The Israeli military launched strikes on southern and eastern Lebanon on Monday (January 5, 2026), Lebanese state media reported, after warning it would hit what it called Hezbollah and Hamas targets in four villages.

It was the first such warning issued by the Israeli military this year, as Israel continues to strike targets in Lebanon despite a ceasefire with Hezbollah.

An AFP photographer in Kfar Hatta, one of the targeted villages in south Lebanon, saw dozens of families flee the village after the warning was issued, amid drone activity in the area, adding that ambulances and fire trucks were on standby.

Lebanon’s state-run National News Agency (NNA) reported strikes on the four villages.

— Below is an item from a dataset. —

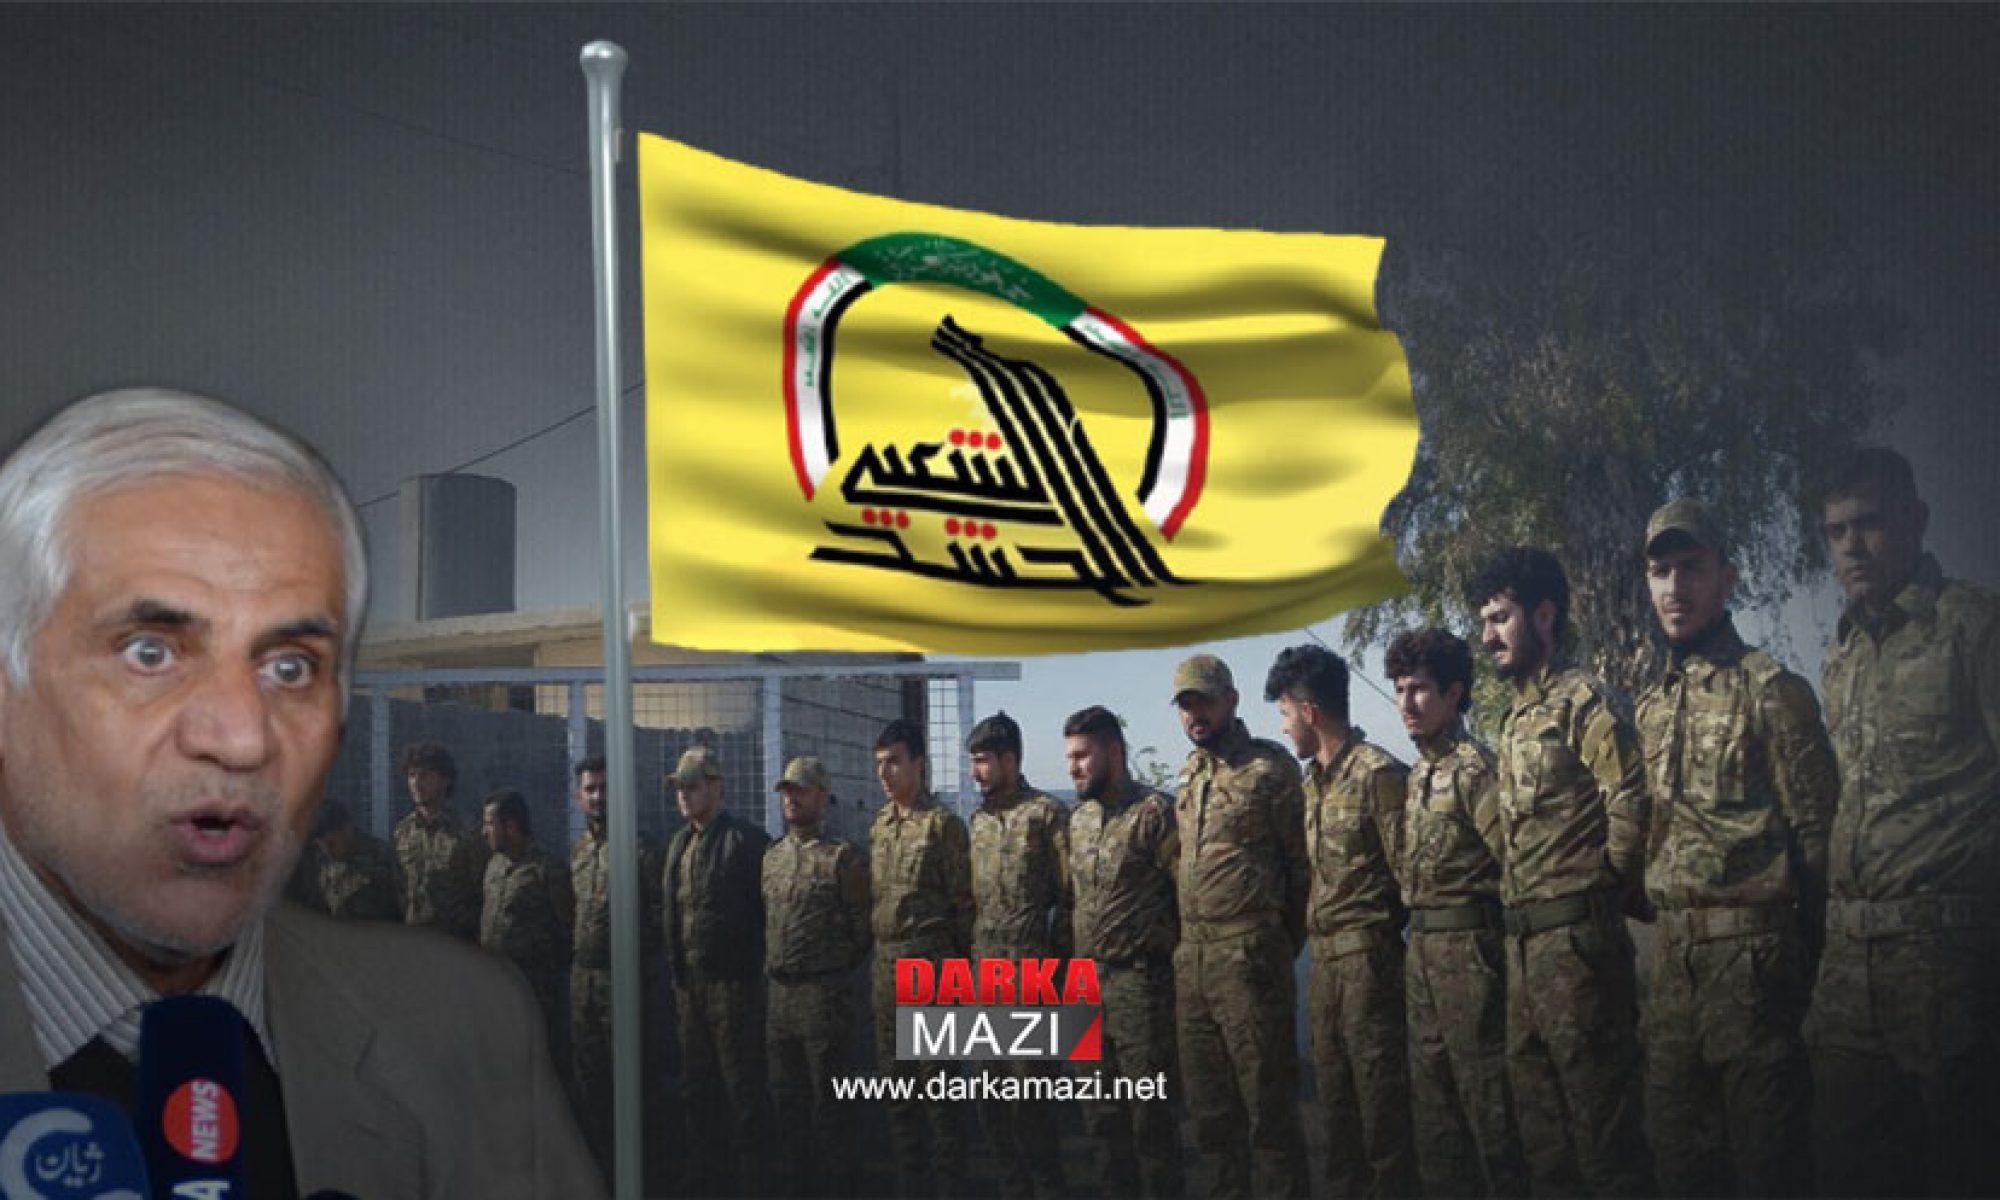 Kürt Sosyal Medya kullanıcıları: Kürtlerin Haşdi Şabi'ye dahil olması yeni cahşlık modelidir, PKK; Dubiz, Kerkük, Şii, Kasım Süleymani,

According to the NNA, the strike on Al-Manara in eastern Lebanon caused “the complete destruction of a house and serious damage to surrounding houses, cars and commercial establishments”.

The Israeli military said in a statement it “began striking Hezbollah and Hamas terror targets in Lebanon”.

In two separate posts on X, the military’s Arabic-language spokesman, Colonel Avichay Adraee, said the villages were Kfar Hatta and Annan in south Lebanon, and Al-Manara and Ain al-Tineh in eastern Lebanon.

Colonel Adraee said the military would hit Hezbollah sites in Kfar Hatta and Ain al-Tinah, and Hamas sites in Annan and Al-Manara.

The NNA said the home targeted in Al-Manara belonged to Sharhabil Sayed, a Hamas leader in Lebanon who was killed by Israel in 2024.

Repeated attacks

Despite a year-old ceasefire between Israel and Hezbollah, Israel carries out regular strikes on Lebanon, usually saying it is bombing Hezbollah sites and operatives, and occasionally Hamas targets.

Two people were killed in an Israeli strike that targeted a vehicle on Sunday (January 4), around 10 kilometres (six miles) from the border, the Lebanese health ministry said.

In November, an Israeli strike on south Lebanon’s Ain al-Hilweh Palestinian refugee camp killed 13 people.

Israel said it targeted a Hamas compound, with the group rejecting the claim.

It has also hit Hamas’ ally in Lebanon, the Islamist group Jamaa Islamiya, which claimed responsibility for multiple attacks against Israel before the ceasefire.

Under heavy U.S. pressure and fears of expanded Israeli strikes, Beirut has committed to disarming Hezbollah, which was badly weakened after more than a year of hostilities with Israel including two months of open war that ended with the November 2024 ceasefire.

Lebanon’s army was expected to complete the disarmament south of the Litani River — about 30 kilometres from the border with Israel — by the end of 2025, before tackling the rest of the country.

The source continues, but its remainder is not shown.